For students of film, one of the most influential pictures ever made was The Battle of Algiers. It was shot on the streets of the Algerian capital in the early 1960s, was made in documentary style and dramatised the tumultuous events of the nation’s independence struggle from France.

When first shown in France, it inflamed nationalist tensions. But for all its controversy the film provided a powerful insight into the brutality of that fight for sovereignty and self-determination.

Freedom is a beautiful thing, the winning of it is not.

Today, where so much history is forgotten or simply flicked over with a slide of the finger, The Battle of Algiers should serve as a timely lesson in 90 minutes of black-and-white frames of what revolution means.

And since April 1962, Algeria has been ruled and shaped by the generation of freedom fighters who ended French rule. For the past two decades, President Abdul Aziz Bouteflika oversaw matters. Ailing, ageing, Bouteflika only reluctantly stepped aside when it became obvious that the tens of thousands in the streets of Algiers and every other city too would not be mollified by anything less.

Generation of revolutionaries

Those protesters are still in the streets, but in not so many numbers, and the man charged now with mollifying them is Abdul Qader Bin Salah. The 77-year-old interim leader too is of that generation of revolutionaries who saw off the French and made Algeria stand free.

He faces an onerous challenge, but he’s a figure who knows what it means to serve party loyally — part and parcel of being a willing participant of the independence cadre.

“I am required by national duty to take on this heavy responsibility of steering a transition that will allow the Algerian people to exercise its sovereignty,” Bin Salah told parliament following his appointment on Tuesday. He has been the leader of parliament’s upper chamber for 17 years.

A close ally of the former leader, Bin Salah is to use his short tenure to organise presidential elections, for which he will not be able to run.

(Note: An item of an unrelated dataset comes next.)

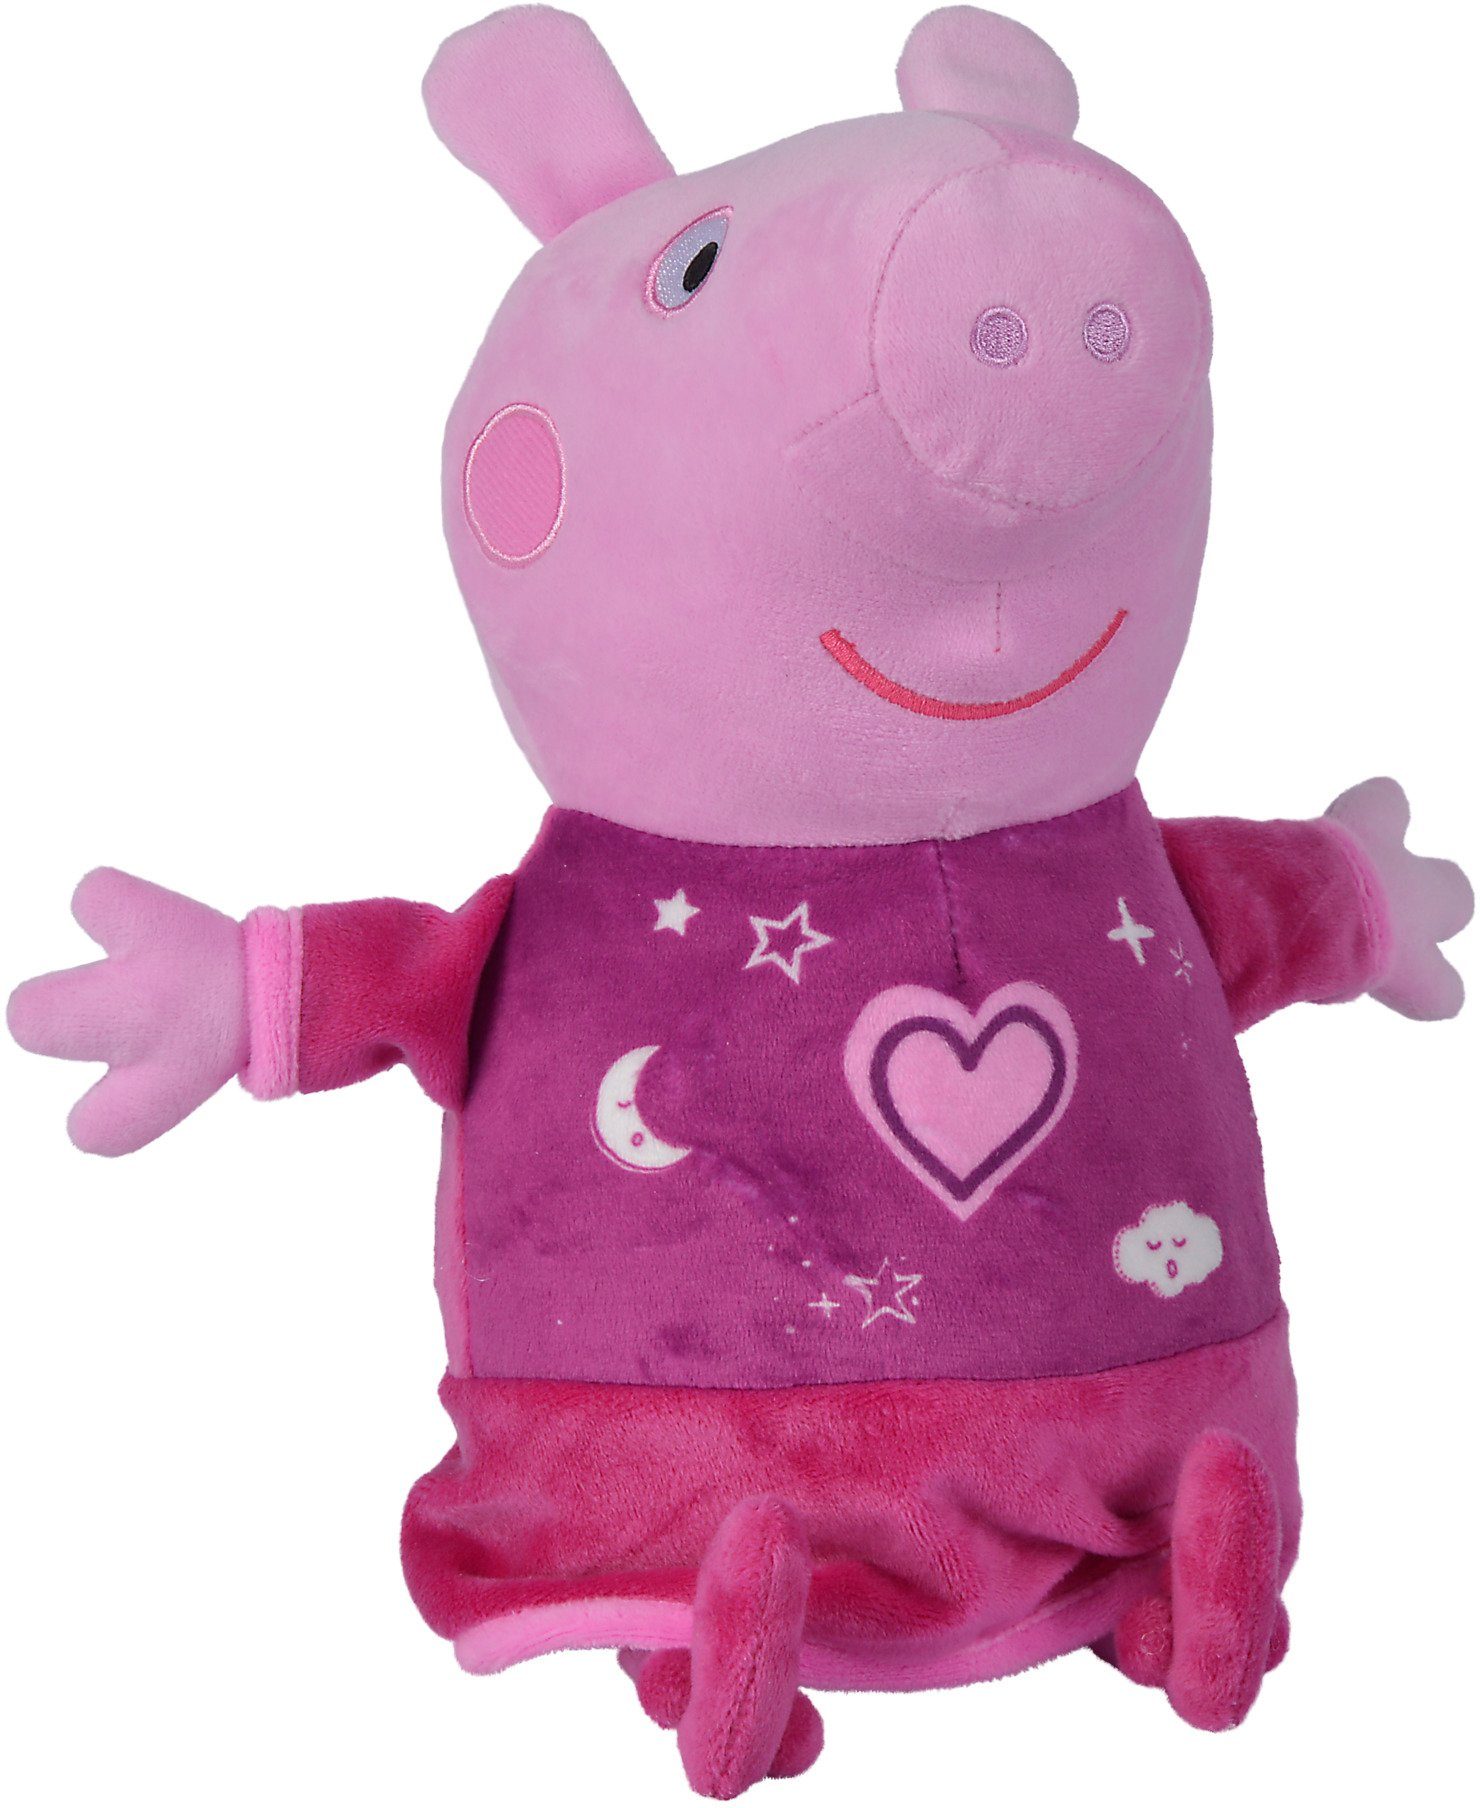 SIMBA Plüschfigur Peppa Pig, Gute Nacht Peppa, mit Sound und Schlummerlicht

He was born close to the Moroccan border at Tlemcen in November 1941. Like America, Algeria too has its own birther controversy, and Bin Salah’s critics include an element that accuses him of being Moroccan by birth and having been naturalised Algerian in the 1960s. That would make him ineligible to be in office, and Bin Salah has vehemently and consistently denied the unfounded allegation.

After participating in the war of independence, Bin Salah moved to Damascus to study law. There was a stint too as a journalist before his election in 1977 as a Member of Parliament for Algeria’s National Liberation Front — the party that has dominated its politics since independence.

Since then, he has been an ambassador and senior civil servant and in 2002 — three years after Bouteflika rose to power — he was appointed head of the Council of the Nation, the upper house of the Algerian parliament. He has been duly re-elected every three years since then and his current mandate is due to end in 2021.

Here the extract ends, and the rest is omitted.